1.2019年第2四半期のTOB総評

TOB件数(累計)は、公表ベースで5件と前年同期(7件)より2件減少となった。(表1)2014年以降の第2四半期では最低の水準にとどまっている。2019年累計は20件 で、前年同期(15件)より5件増加している。

◆当四半期の公表案件としては注目されるのは以下のとおりである。(表2)

◆総プレミアム平均は前年同期(26.65%)比0.04ポイント減の26.61%とほぼ横ばいだったが、ポジティブプレミアム平均は前年同期(35.76%)比9.15ポイント減の26.61%に落ち込んだ。

※2019年4月1日から2019年6月30日に公開買付が開始された案件を集計対象としている。ただし自社株TOBは対象外である。

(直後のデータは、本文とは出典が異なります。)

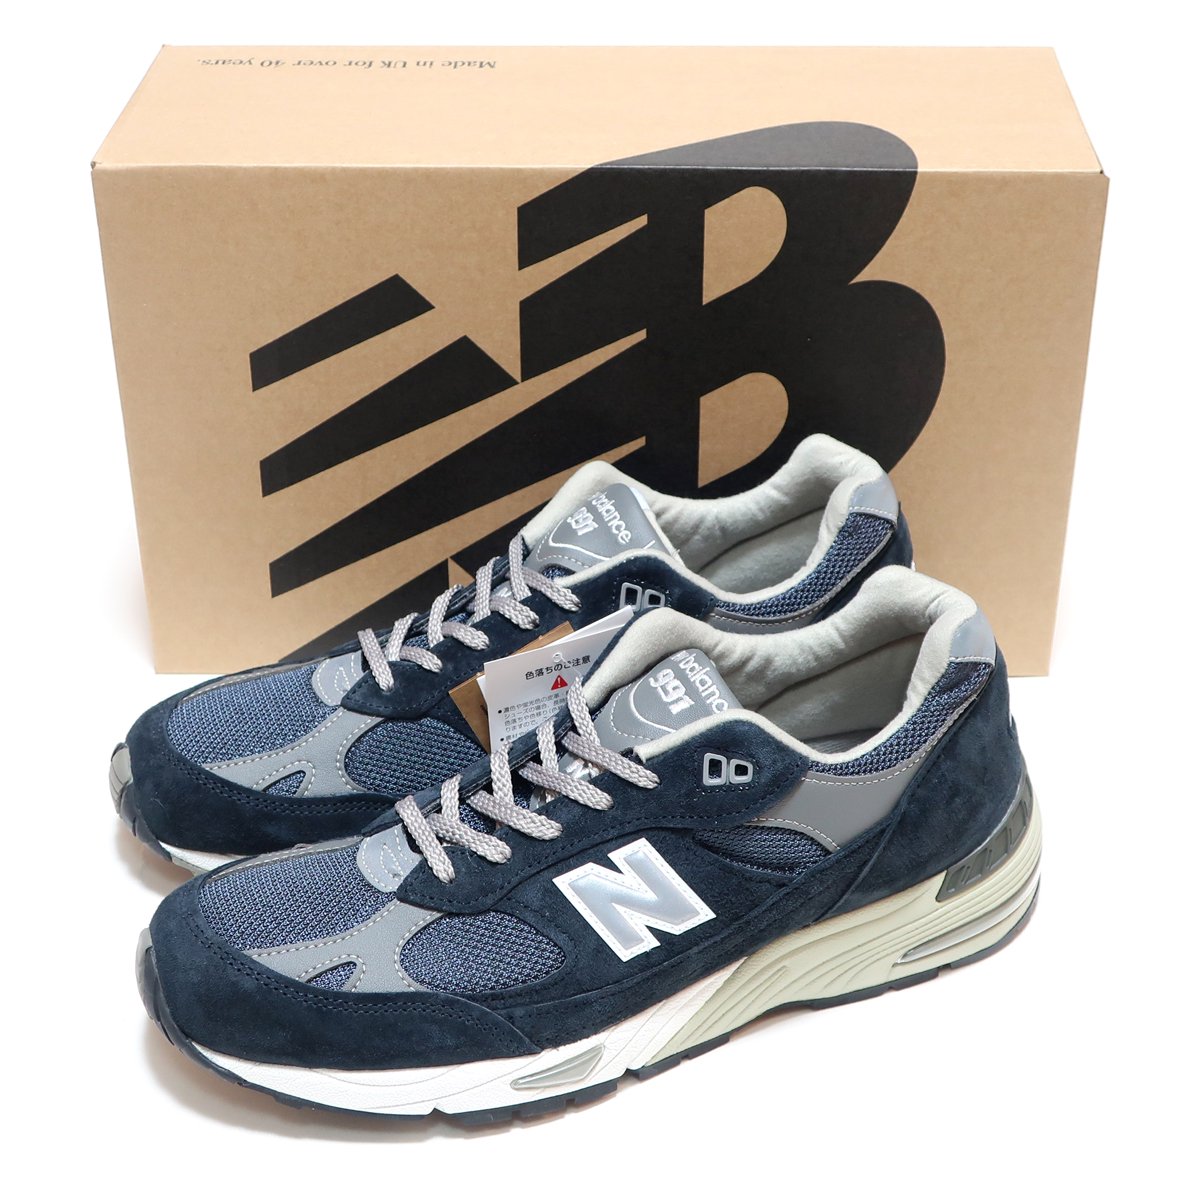 NEW BALANCE M991NV NAVY SUEDE MADE IN ENGLAND ( ニューバランス

※プレミアム算定に採用している株価は特に断りがない限り、公表日前3ヶ月平均株価(終値)としている。
※プレミアム算定に非上場企業、不成立の案件は含まれない。


2.TOB件数の推移

表1 TOB件数の推移(届出ベース、公開買付開始日が2019年4月1日~6月30日)

TOB件数の推移


3.2019年第2四半期の主なTOB

表2

対象企業名買付者買収プレミアム内 容
<8703>カブドットコム証券 KDDI 0.72% TOB後は「auカブコム証券」に社名変更し、KDDI(au)のスマートフォンユーザーの取り込みを狙う。KDDIグループが進めている金融サービス強化の一環。
<4033>日東エフシー イースト投資事業有限責任組合(インテグラル) 48.51% 日東エフシーは主力の肥料事業が価格下落で苦しみながらも国内販売を強化して増収。さらに不動産賃貸業が好調。買付者であるインテグラルの佐山展生社長は、スカイマーク会長も兼務。
<6747>KIホールディングス(KIHD) 小糸製作所 48.69% KIHDが手がける信号機や街路灯と走行中の車両が通信する技術を共同開発し、自動運転の支援を目指す。 同社は1967年に小糸製作所の鉄道車両用機器・シート部門と照明・電気機器部門がスピンアウトした会社。
<6300>アピックヤマダ 新川 2.52% アピックヤマダと同じく半導体製造装置を手がける新川は、事業部門を切り離して持ち株会社化。アピックヤマダは同社の完全子会社に。新川は7月1日付でヤマハ発動機の傘下に入り、社名も「ヤマハモーターロボティクスホールディングス」に変更する。